New Guide Informs Students, Educators How Their Campus Cafeteria Food Is Sourced

Animal Welfare Practices of Leading Foodservice Providers including Sodexo, Aramark, Compass

NEW YORK, Aug. 23, 2022 /PRNewswire/ — As students return to school around the country, a new guide by The Humane League reveals the poor animal welfare practices of leading foodservice providers like Sodexo that provide dining and catering at educational, governmental, and commercial institutions. To inform consumers and help foodservice clients better align their vendors with their environmental, social, and corporate governance values, this guide examines what foodservice providers are doing to improve the welfare of chickens raised for meat, egg-laying hens, and breeding pigs. The full guide can be viewed at BetterFoodService.com.

"Animal welfare, environmental sustainability, and social responsibility are no longer negotiable for companies or the public—but some foodservice providers are still failing to deliver," said Vicky Bond, President of The Humane League. "As today’s impact-minded students and consumers return to campuses, it’ll become more critical that these lagging providers rise to the challenge or lose their clients. Companies like Sodexo need to make meaningful improvements to the cruel treatment that the animals raised for food within their supply chains are receiving. Consumers and vendors deserve to know how their food is sourced."

A clear majority of Americans care about the humane treatment of animals and would switch to brands with higher welfare, which is evident from ten US states having passed farm animal welfare legislation. As a result, hundreds of companies have begun to make important progress by issuing public commitments to animal welfare in supply chains, including the Better Chicken Commitment to improve the treatment and breeding of chickens raised for meat, 100% cage-free policies to remove egg-laying hens from cruel battery cages, and ending gestation crate confinement of mother pigs. But public progress reporting and the implementation of those policies is crucial—when corporate commitments go unfulfilled, they lose their meaning, deceive consumers, and harm animals.
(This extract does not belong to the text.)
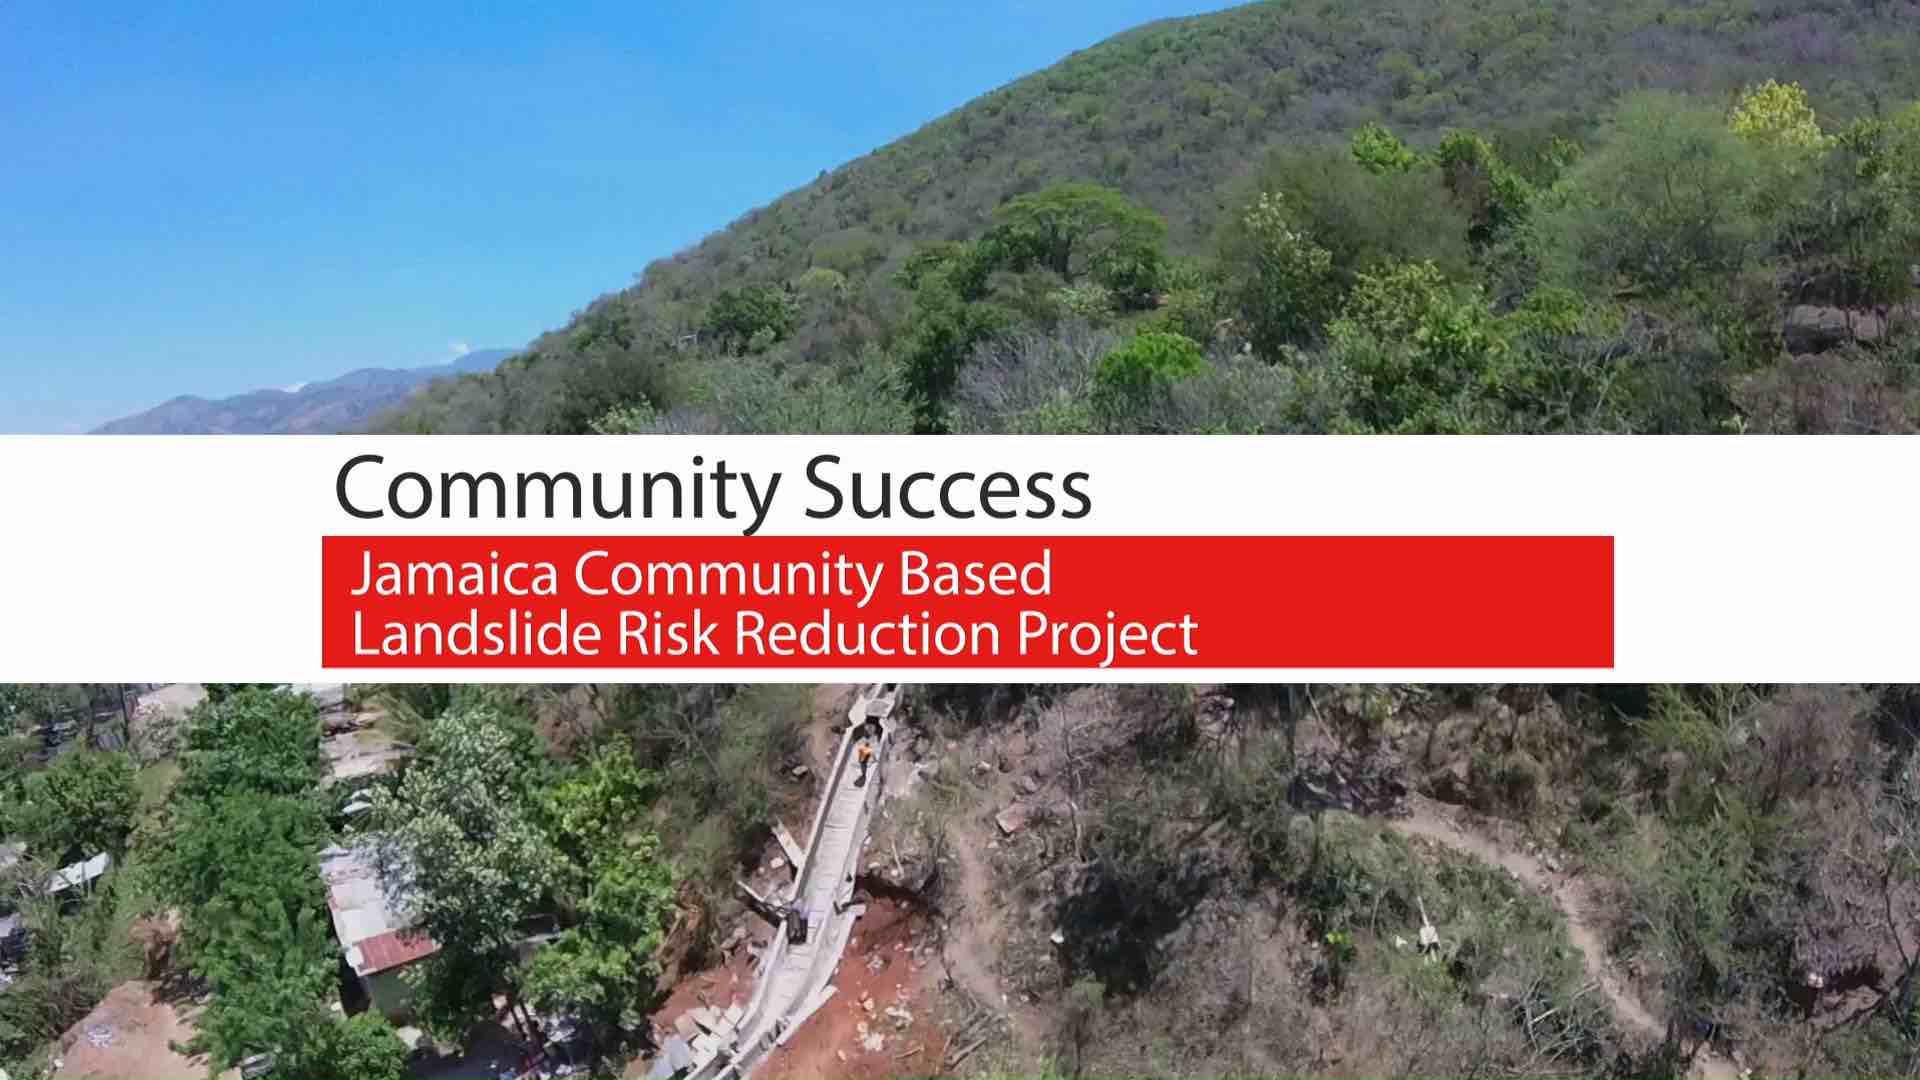 Jamaica Community-Based Landslide Risk Reduction Pilot Project was implemented by the Office for Disaster Preparedness and Emergency Management (ODPEM)

With a total market size of $45 billion, and employing more than half a million workers, the US foodservice provider industry is large and growing. As unemployment rates decline, income levels rise, and consumers return to in-person gatherings, food service industry revenue is expected to rise in coming years. With that growth, animal welfare progress must be prioritized.
The full guide can be viewed at BetterFoodService.com. For more information and to take action against these industry practices, visit EndCages.com and StopBoilingBirdsAlive.com.

About The Humane League

The Humane League is a global nonprofit that exists to end the abuse of animals raised for food by influencing the policies of the world’s biggest companies, demanding legislation, and empowering others to take action and leave animals off their plates. Since its founding in 2005, The Humane League has focused on effectively ending the worst abuses in factory farming, securing strong animal welfare commitments from major foodservice providers, restaurants, food manufacturers and hospitality leaders around the world, changing the lives of billions of farm animals suffering every day.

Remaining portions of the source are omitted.